A few steps later, Bosco appeared under the stadium lights and the predominant BYU portion of the sold-out crowd of 61,243 erupted.

“It was as if all the fans were looking down there and waiting and then I stepped out from the tunnel, and it was awesome,” Bosco said. “It was probably one of the most amazing things I’ve ever experienced.”

With backup quarterback Blaine Fowler on the field running the team, Bosco grabbed a football and started to warm up.

“I’m thinking, ‘Oh man, I’m not sure I can do it?” he said. “I can’t plant very good on my leg, and they taped it up super tight.”

With a high ankle sprain, ligament problems in his knee and a cracked rib, Bosco walked over to quarterbacks coach Mike Holmgren to try and convince him that he was ready to go back in.

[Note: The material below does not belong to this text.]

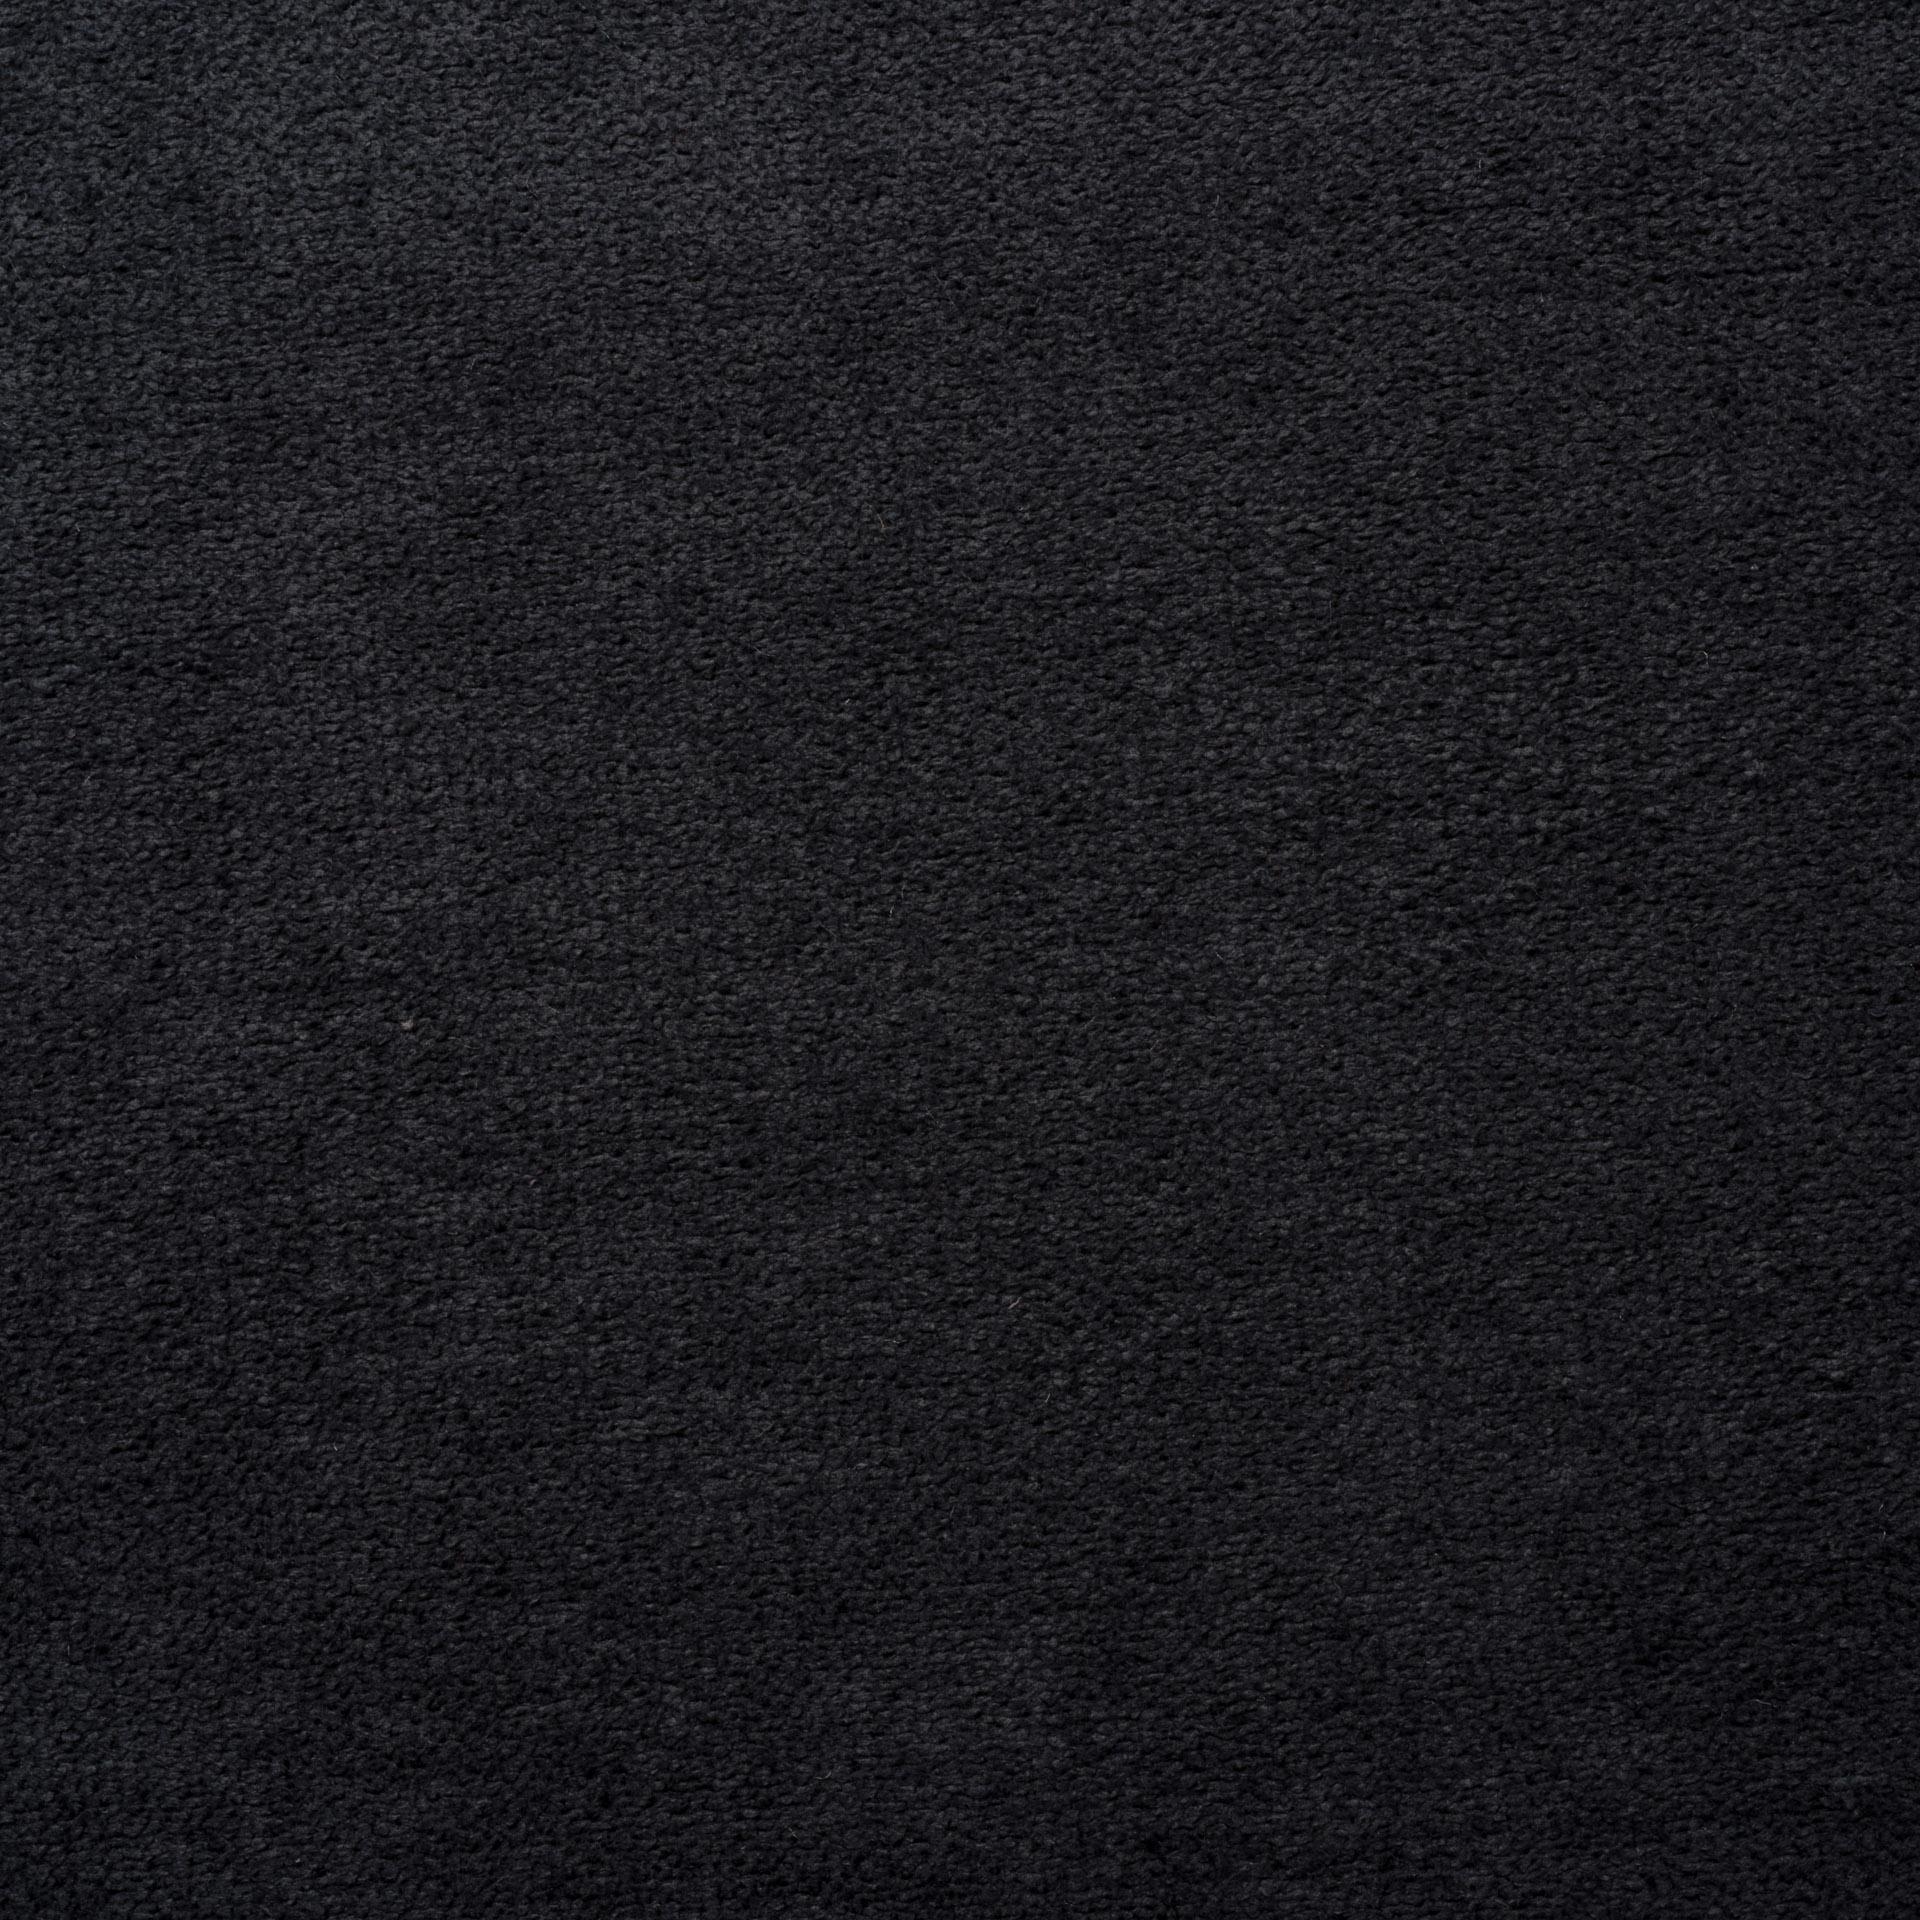 Коллекция ткани Аляска 10 TOTAL ECLIPSE,  купить ткань Жаккард для мебели Украина
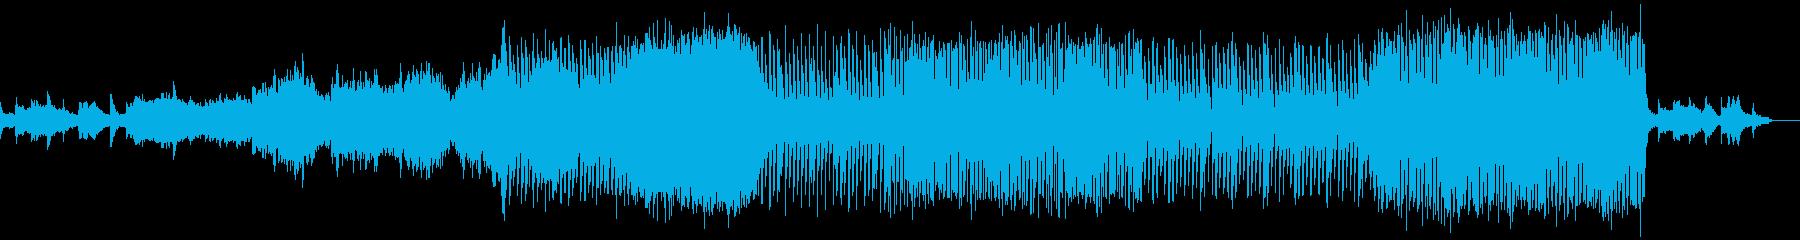 あまり頑張らない前向きな曲の再生済みの波形

BYU quarterback Robbie Bosco lays on the field after being injured during the Holiday Bowl in San Diego, California, December 21, 1984. | Ravell Call, Deseret News

“Uh, no,” Holmgren stated while shaking his head in disbelief.

“I said, ‘Yes! I’m going in!’” Bosco recalled saying. “So, I ran in and said, ‘Blaine, let’s go. Sorry.’”

Fowler left the game just as he had in the 1982 Holiday Bowl when an injured Steve Young surprised the team by putting himself back in — also against Holmgren’s wishes.

Bosco huddled up his teammates and took a look around.

“I could just feel it,” he said. “I could feel the look in all of their eyes that ‘Here we go! Let’s go!’ That was a feeling I had never experienced.”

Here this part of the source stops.